Итак, мы возвращались домой. Покуда я вдыхал всеми легкими свежий воздух начинающейся зимы, мне припоминались те «кабы позволили» да «когда же наконец позволят», которые в продолжение нескольких часов преследовали мой слух.
Мне казалось, что я целый вечер видел перед собой человека, который зашел в бесконечный, темный и извилистый коридор и ждет чуда, которое вывело бы его оттуда. С одной стороны, его терзает мысль: «А что, если мне всю жизнь суждено бродить по этому коридору?» С другой — стремление увидеть свет само по себе так настоятельно, что оно, даже в виду полнейшей безнадежности, нет-нет да и подскажет: «А вот, погоди, упадут стены по обе стороны коридора, или снесет манием волшебства потолок, и тогда…»
Я знаю, что в коридоры никто собственною охотой не заходит; я знаю, что есть коридоры обязательные, которые самою судьбою устроиваются в виду известных вопросов; но положение человека, поставленного в необходимость блуждать и колебаться между страхом гибели и надеждой на чудесное падение стен, от этого отнюдь не делается более ясным. Это все-таки положение человека, которого ум поглощен не действительным предметом известных и ясно сознанных стремлений, а теми несносными околичностями, которые, бог весть откуда, легли на пути и ни на́ волос не приближают к цели.
Такого рода именно положение совершенно отчетливо рисовалось мне посредине этих беспрестанно повторявшихся двух фраз, из которых одна гласила: «Неужели ж, наконец, не позволят?», а другая: «А что, если не позволят?»
«Что, ежели позволят? — думалось, в свою очередь, и мне. — Ведь начальство — оно снисходительно; оно, чего доброго, все позволит, лишь бы ничего из этого не вышло. Что тогда будет? Будут ли они усердны в исполнении лежащих на них обязанностей? — Конечно, будут, ибо не доказывают ли телеграфистки? Окажут ли себя способными охранять казенный интерес? — Конечно, окажут, ибо не доказывают ли кассирши на железных дорогах?»

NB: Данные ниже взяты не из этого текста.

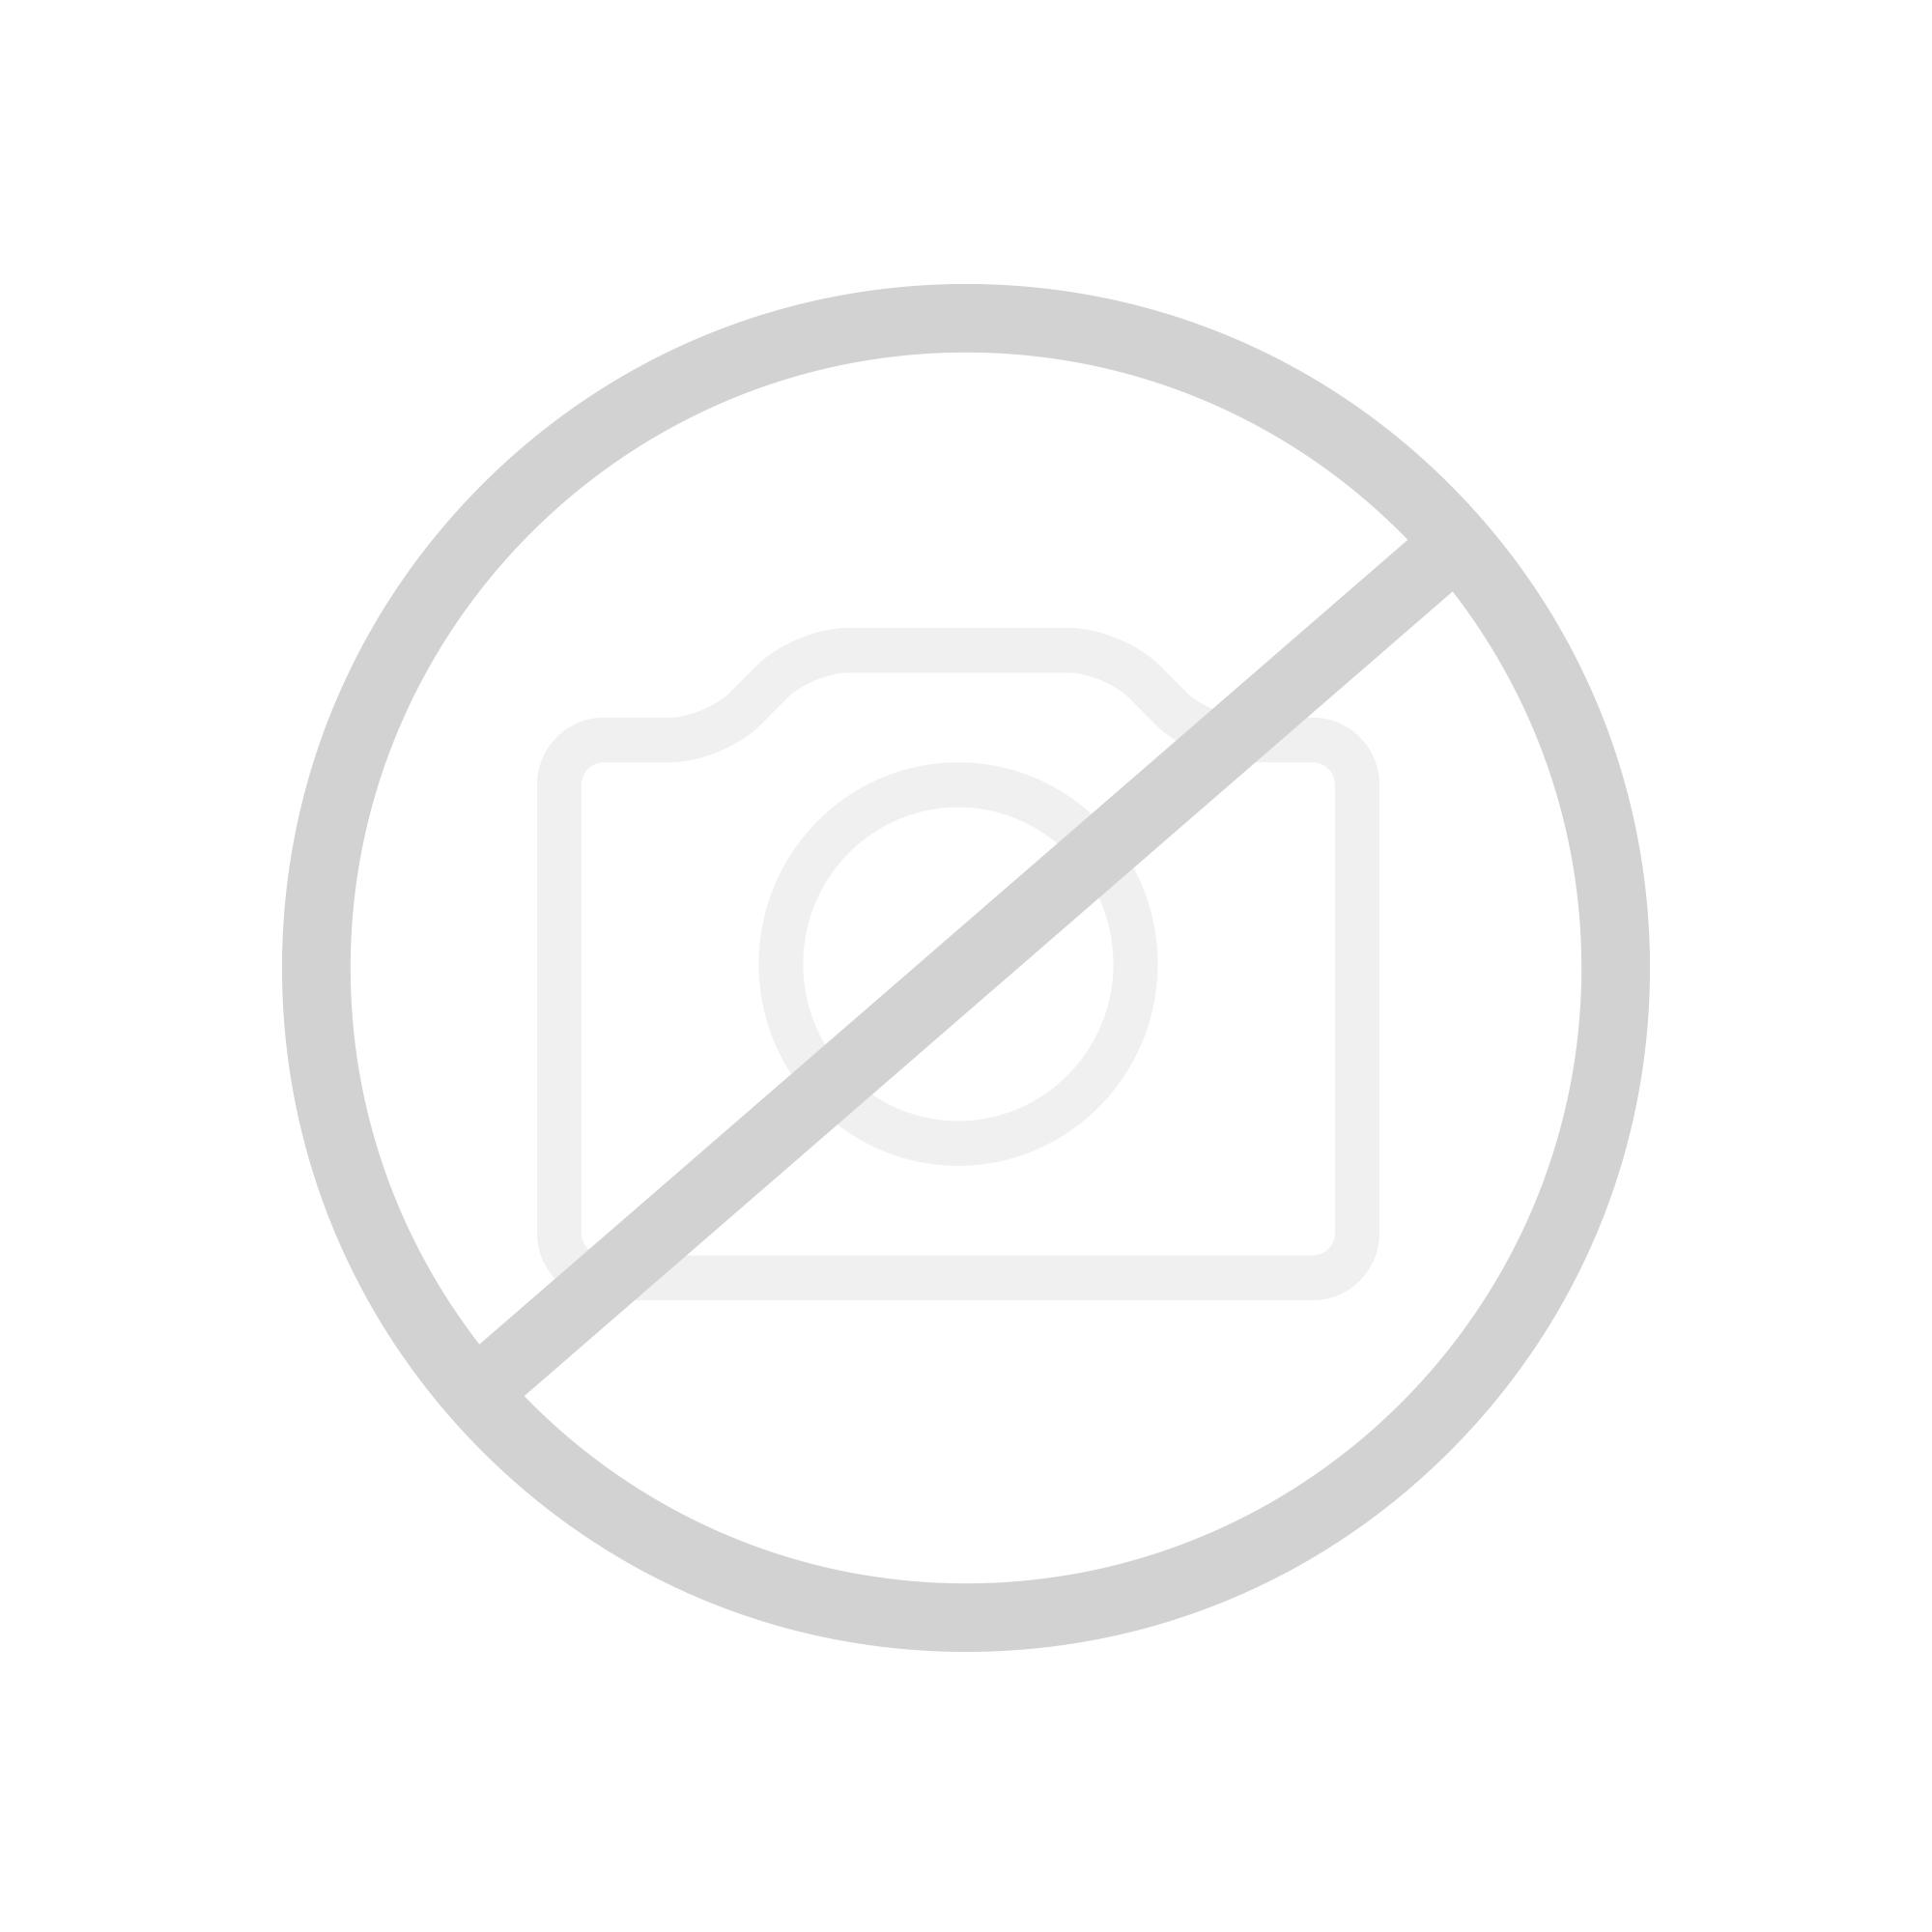 herzbach design ix neocastell ix b rstengarnitur wandh ngend reuter onlineshop. Black Bedroom Furniture Sets. Home Design Ideas

В моих глазах это было так ясно, что, если б зависело от меня, я, конечно, ни одной минуты не колебался бы: я бы позволил…
Скажите, какой вред может произойти от того, что в Петербурге, а быть может, и в Москве, явится довольно компактная масса женщин, скромных, почтительных, усердных и блюдущих казенный интерес, женщин, которые, встречаясь друг с другом, вместо того чтоб восклицать: «Bonjour, chère mignonne![95] какое вчера на princesse N.[96] платье было!» — будут говорить: «А что, mesdames, не составить ли нам компанию для защиты мясниковского дела?»
Какая опасность может предстоять для общества от того, что женщины желают учиться, стремятся посещать Медико-хирургическую академию, слушать университетские курсы? Допустим даже самый невыгодный исход этого дела: что они ничему ие научатся и потратят время задаром — все-таки спрашивается: кому от этого вред? Кто пострадает от того, что они задаром проведут свое и без того даровое время?
Как ни повертывайте эти вопросы, с какими иезуитскими приемами ни подходите к ним, а ответ все-таки будет один: нет, ни вреда, ни опасности не предвидится никаких… За что же это жестокое осуждение на бессрочное блуждание в коридоре, которое, представляя собою факт беспричинной нетерпимости, служит, кроме того, источником «шума» и «резкостей»?
Я знаю, многие полагают, будто женская работа не может быть так чиста, как мужская. Но, во-первых, мы этого еще не знаем. Мы даже приблизительно не можем определить, каким образом женщина обработала бы, например, мясниковское дело*, и не чище ли была бы ее работа против той мужской, которую мы знаем. Во-вторых, мы забываем, что определение степени чистоты работы должно быть вполне предоставлено давальцам: не станет женщина чисто работать — растеряет давальцев. В-третьих, наконец, не напрасно же сложилась на миру пословица: не боги горшки обжигают, а чем же, кроме «обжигания горшков», занимается современный русский человек, к какому бы он полу или возрасту ни принадлежал?